There are some advanced NFS settings in v5 that might be worth a look, (NFS.) MaxConnPetIP, MaxQueueDepth (defaults to 4G), lo water mark too but already quite agressive at 25%. Check storage LAN latency, default send buffer is 256KB.

mrnick1234567 · ‎03-01-2012

HI Varjen,

Not exactly sure your problem is the same as the one I started this thread about

On your CentOS VM, install ioping and run

ioping -c 1000 /tmp

or write to some other directory on the virtual host's disk.

If it's the same issue, you should see ioping hang for 4-5 seconds every once in a while. I see it every minute or so.

I've tested with ESXi5 and don't have the issue, I only get it with 4.1, which makes me think your problem might be something different.

Incidentally I got on to VMware Support a month or so ago, and they haven't had any ideas either about this.

Nick

Varjen · ‎03-01-2012

I think it might be similar anyway.

The problem is not restricted to filetransfers but occurs when i try to format discs or do other IO heavy tasks.
But yes, i see now that there might be a difference to the problems.
My problems start about 10-15 seconds into heavy IO and continue as long as the task is running...

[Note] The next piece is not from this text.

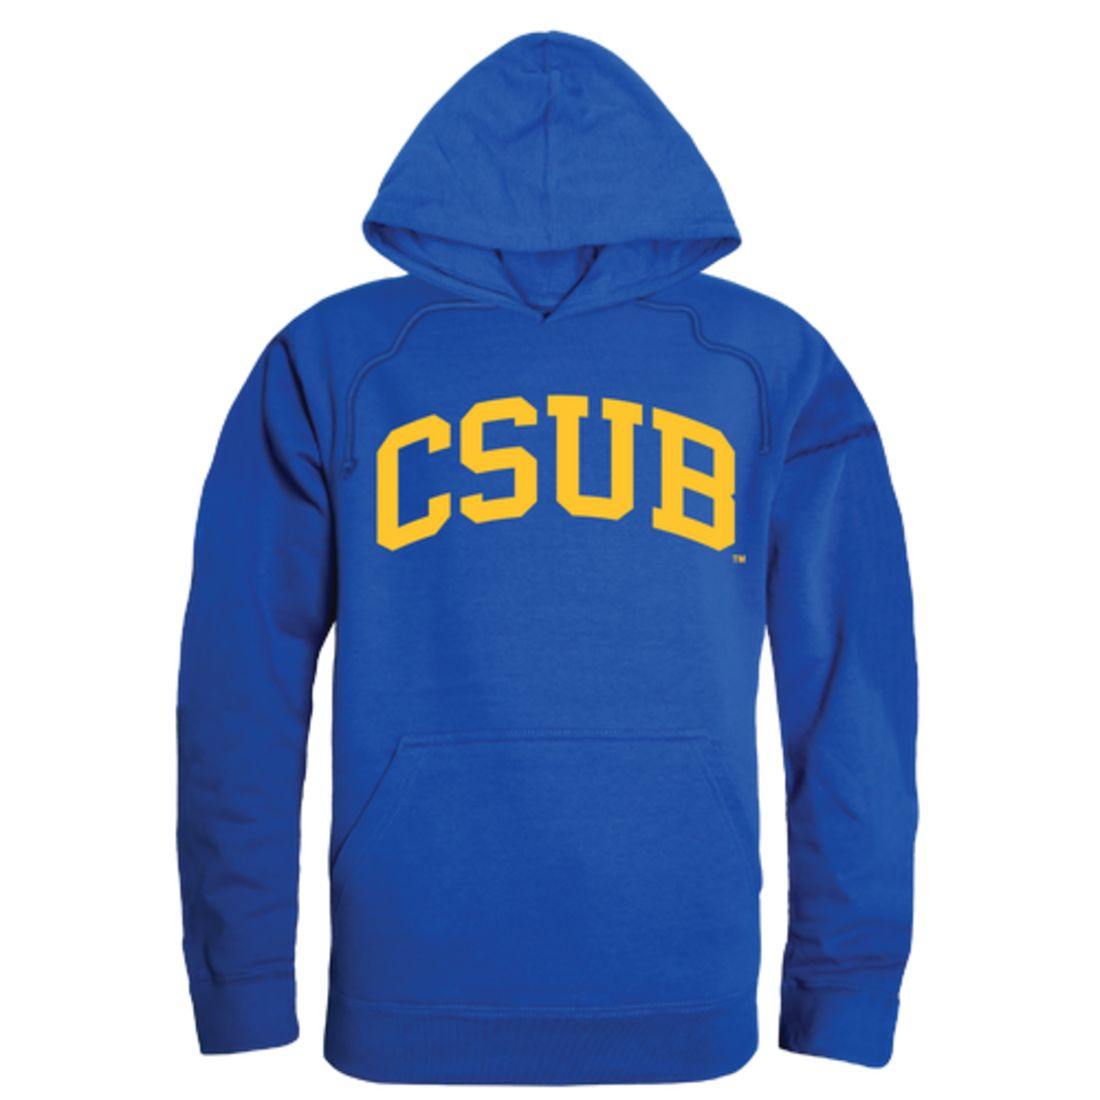 CSUB California State University Bakersfield Roadrunners College Hoodie Sweatshirt Royal-Campus-Wardrobe

Yours seem to be more reoccuring?

I have been in touch with support too and got nothing from them.

Sorry if i hijacked your thread!

=T=

mrnick1234567 · ‎03-01-2012

That's OK. It would be good for you to try the ioping test.

If you don't get the issue then it is probably a different latency issue, and it would be good if you could start a new thread about it.

This is specific problem with regards to the storage network 'hanging', rather than high latency is general.

Cheers

Nick

Varjen · ‎03-01-2012

Jimbo, i have to say i think i might love you now.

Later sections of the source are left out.